Download or read book The Secrets of the Notebook written by Eve Haas and published by Simon and Schuster. This book was released on 2013-10-01 with total page 248 pages. Available in PDF, EPUB and Kindle. Book excerpt: “The beautiful owner of this book is dearer to me than my life – August your protector.” This one sentence was the key to a mystery involving some of the greatest and most infamous figures in European history, from Frederick the Great to Napoleon and Hitler—and solved by the author of this book. Eve Haas is the daughter of a German Jewish family that took refuge in London after Hitler came to power. Following a terrifying air raid in the blitz, her father revealed the family secret, that her great-great grandmother Emilie was married to a Prussian prince. He then showed her the treasured leather-bound notebook inscribed to Emilie by the prince. Her parents were reluctant to learn more, but later in life, when Eve was married and inherited the diary, she became obsessed with proving this birthright. The Secrets of the Notebook tells how she follows the clues, from experts on European royalty in London to archives in West Germany and then, under threat of being arrested as a spy by the Communist regime, to an archive in East Germany that had never before opened its doors to the West. What she unearths is a love story set against the upheaval of the Napoleonic wars and the antiSemitism of the Prussian court, and a ruse that both protected Emilie’s daughter and probably condemned her granddaughter—Eve’s beloved grandmother, Anna—to death in the Nazi camps. When first published in the UK, The Secrets of the Notebook was an Irish Times bestseller. A movie based on the book is in production.

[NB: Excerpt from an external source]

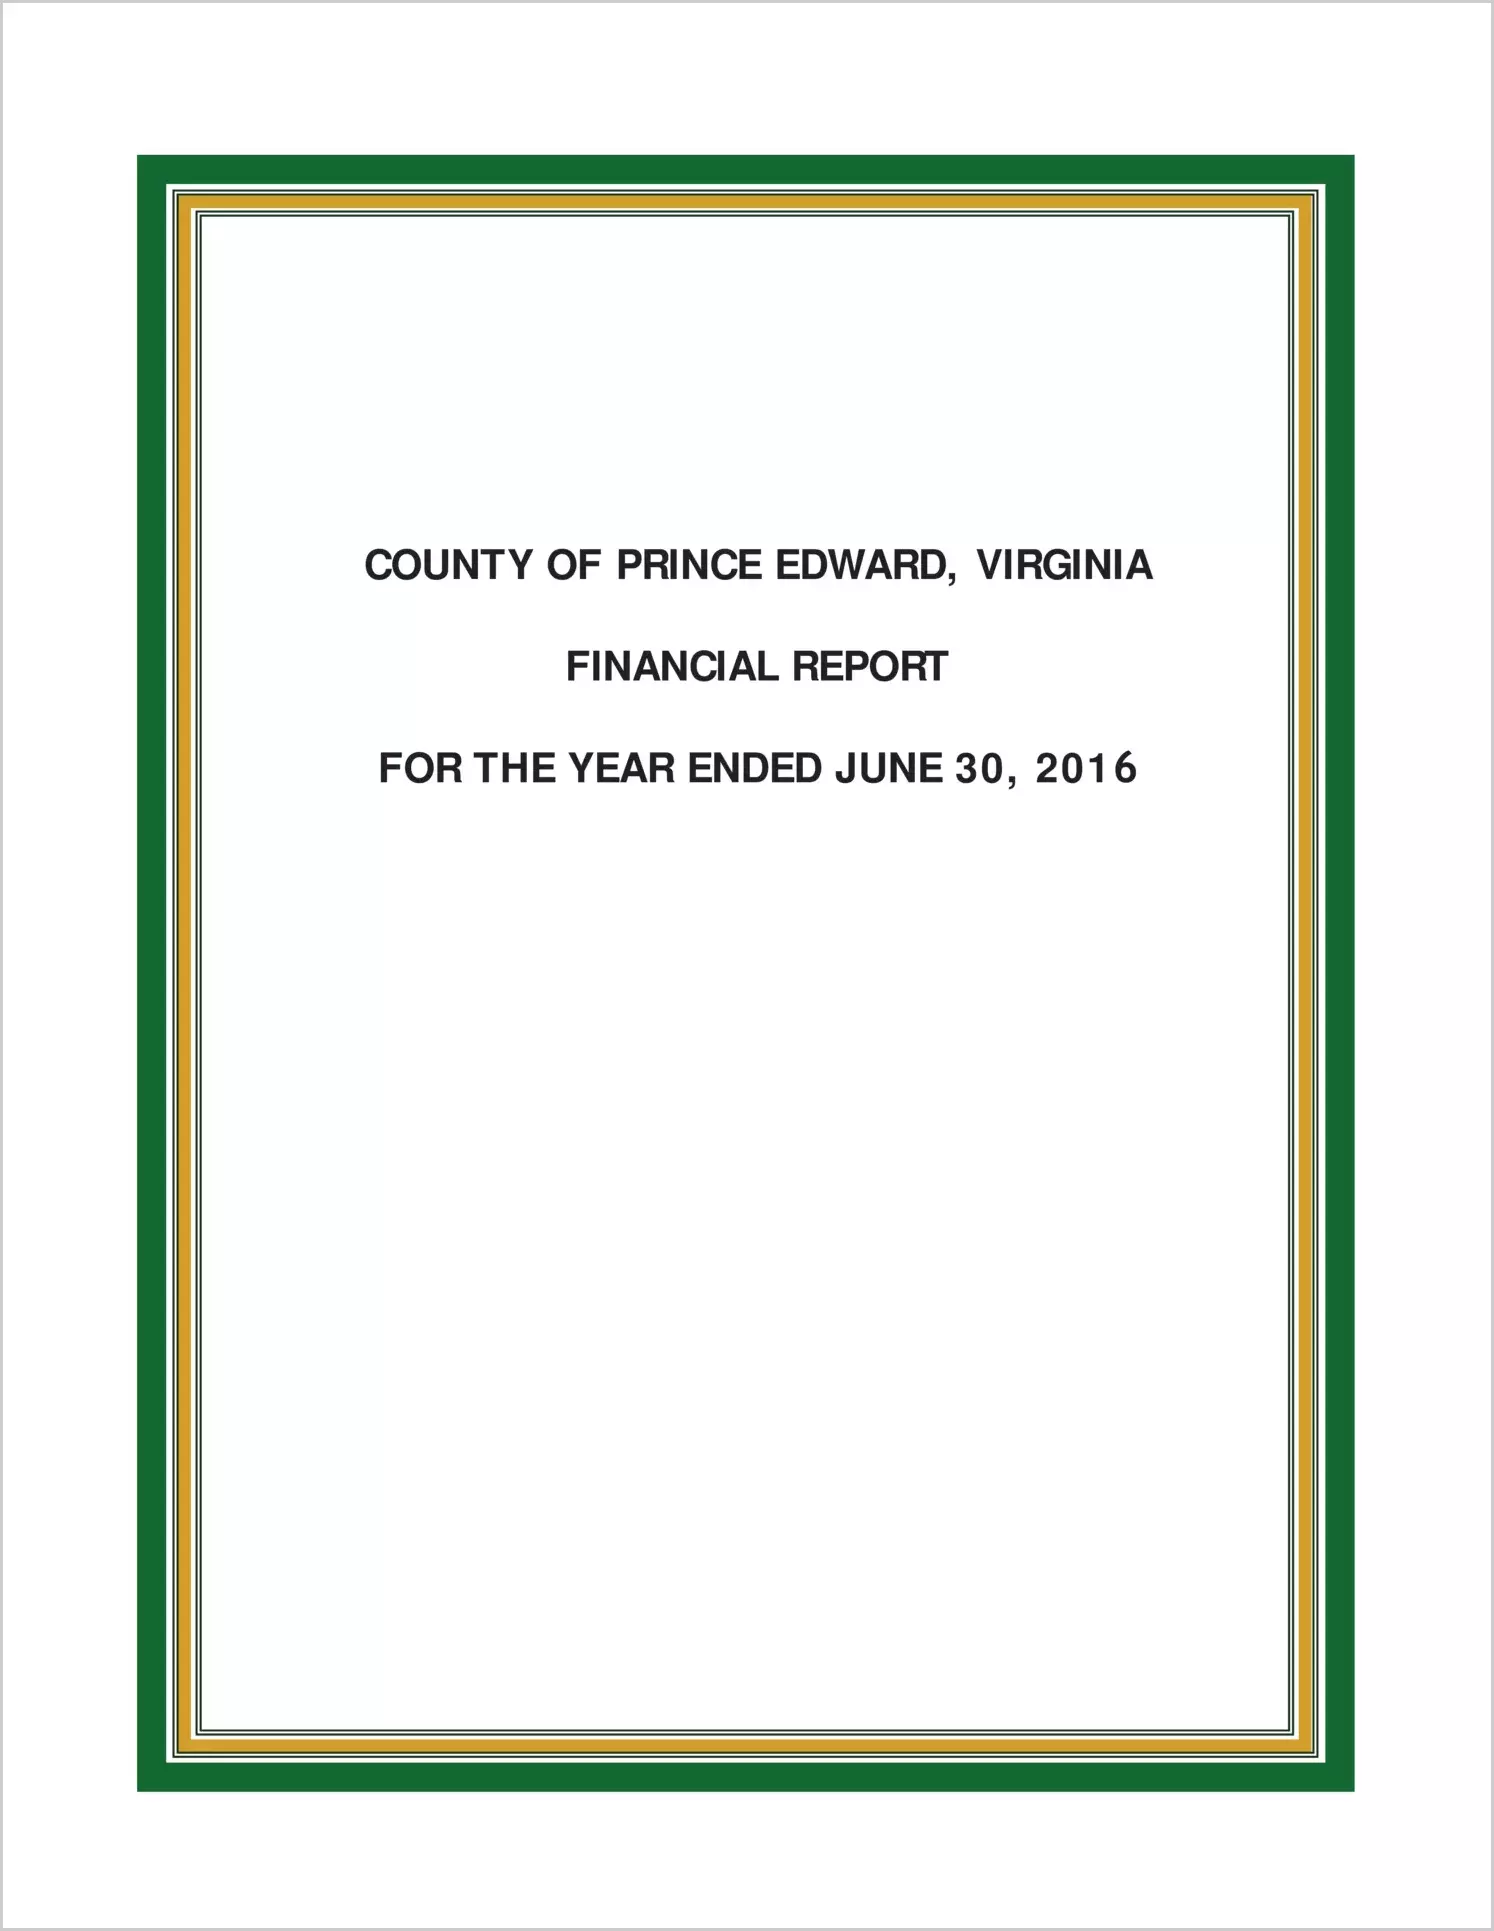 2016 Annual Financial Report for County of Prince Edward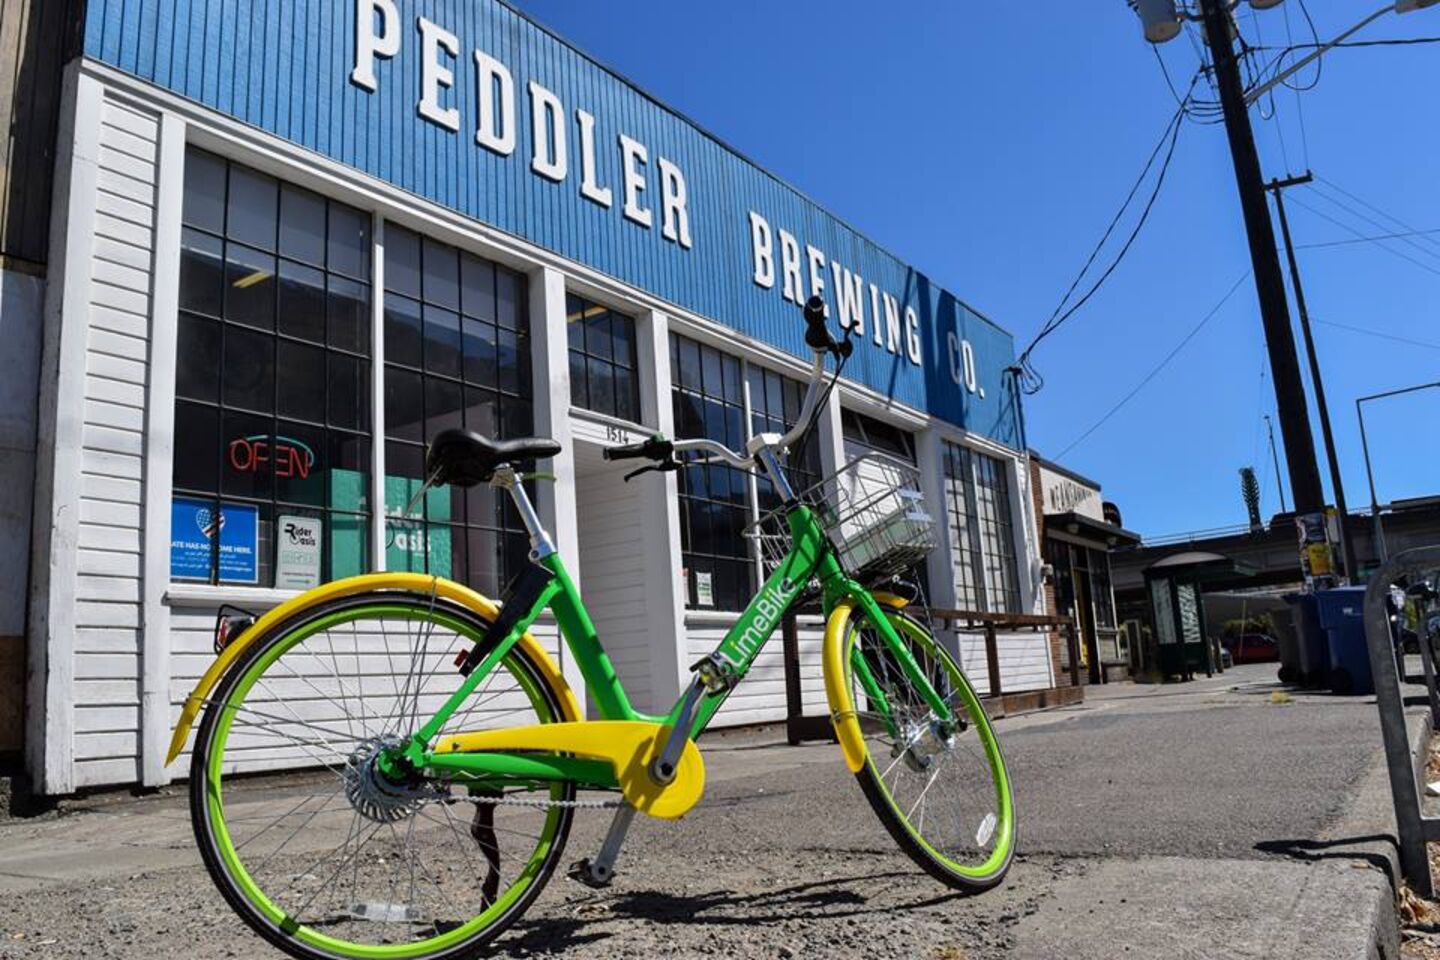 A photo of Peddler Brewing Company

Download or read book American Film Satire in the 1990s written by J. Nilsson and published by Springer. This book was released on 2013-06-25 with total page 219 pages. Available in PDF, EPUB and Kindle. Book excerpt: This study examines how a particular selection of films turned American cultural material of the 1990s into satirical experiences for viewers and finds that there are elements of resistance to norms and conventions in politics, to mainstream news channels and Hollywood, and to official American history already embedded in the culture.